Unfortunately for the conservative faction, they were portrayed by their opponents as whacko fundamentalists who denied science. They were made to seem ignorant, backwards, and often prejudiced. Adding insult to injury, many of the conservative camp were guilty as charged.The forces of tolerance, education, compassion, progressivism, and the common man all seemed to be aligned on the left. The right had a coalition that seemed far less attractive: big business, organized religion (thought of as regressive at best, oppressive at worst), and the uneducated racial majority made up the visible face of the right. While the left seemed to represent hope, the right seemed to represent fear. And so, in my lifetime, one side has been far more attractive to the uninitiated than the other, but at what cost?
What both sides of the culture wars value is personal autonomy. The left espouses general acceptance of alternative moral behaviors, while the right desires less control by governmental forces in their day-to-day lives. But the basis for personal autonomy has a sustainable future in the hands of one group, and an unsustainable future in the hands of another. The coalition of the right has, perhaps until recently, willingly proclaimed with one voice (with varying levels of sincerity) that the denial of God is tantamount to anarchy. The coalition of the left will never with one voice decry religious belief, but has made a significant place at the table for those who would.
Personal autonomy without deference to a higher power has at its core the possibility of “no limits.” Unlimited personal autonomy is a scary proposition. The natural progression of unlimited autonomy is anarchy. James Madison wrote, “If men were angels, no government would be necessary.” The fact is that we are not all angels, and therefore personal autonomy must be limited, but by what? Is it government? Well, yes, but how so? The founders understood the basis of personal autonomy to be the design of our Creator. The Declaration of Independence and the Federalist Papers are rife with examples. They reasoned together in the milieu of the Reformation as to what Scripture taught about the nature of personal autonomy. What they created in that context was a tolerant society in which men could be free based upon their God-given rights, even if they denied the giver of those rights. But can their masterwork, The Constitution of the United States of America, be sustained in a culture whose inhabitants no longer hold the worldview of its authors?
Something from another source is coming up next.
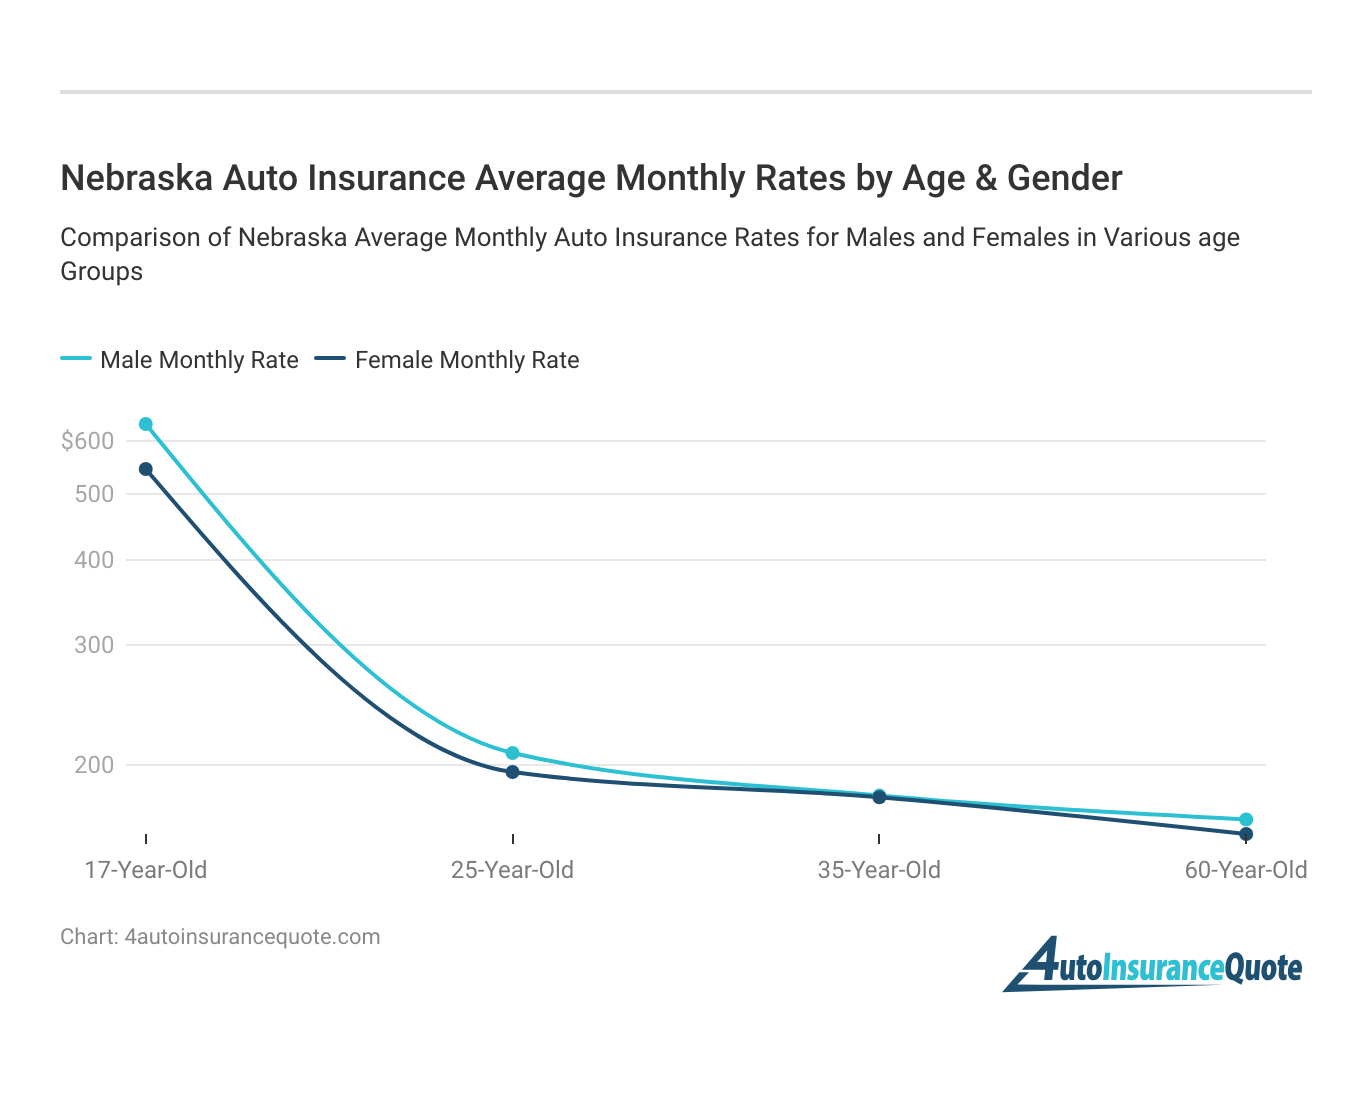 <h3>Nebraska Auto Insurance Average Monthly Rates by Age & Gender</h3>

I don’t know if we have reached such a point. Faith has not been lost in our society, but appealing to God (I use the term in the Judeo-Christian sense) as the basis for our collective decision-making in the United States does seem to be at an all-time low. The handles by which we make decisions for ourselves and who we elect to represent us collectively seem to be self-interest, fear, indifference, and prejudice. Unfortunately, those seem to be characteristics of both sides of the culture wars.
In the short-term, the temptation to live as if there was no God might seem appealing. There is no one to which one must answer, save perhaps his neighbor. But if you can find enough people who want to participate in the action to which your neighbor objects, then your neighbor’s opinion doesn’t matter. A commenter on my last post alluded to this philosophy colloquially known as the “might makes right” stance. Democracy in a godless world then is nothing more than demagoguery, or the majority (usually whipped into a frenzy by a charismatic figurehead) exerting its will on the helpless minority. However, in the long-term, minorities become majorities. The oppressed becomes the oppressor, and their memories are long.
In the long-term, limited autonomy is best served by the self-governed individual. A society who is sincerely self-governed by virtue of its obligation to God answers not only to self-interest, but to divine. From this standpoint arose the greatest advances of our day and age: healthcare, education, civil rights, charitable giving, etc. An individual with minority opinions is treated graciously because of the God-given worth of the individual. The society becomes elitist towards ideas, but egalitarian towards people. There is a common understanding about the idea of common-good. Dissent is tolerated, even if it is not respected. Cultural shifts in God-honoring societies are slow and often self-correcting.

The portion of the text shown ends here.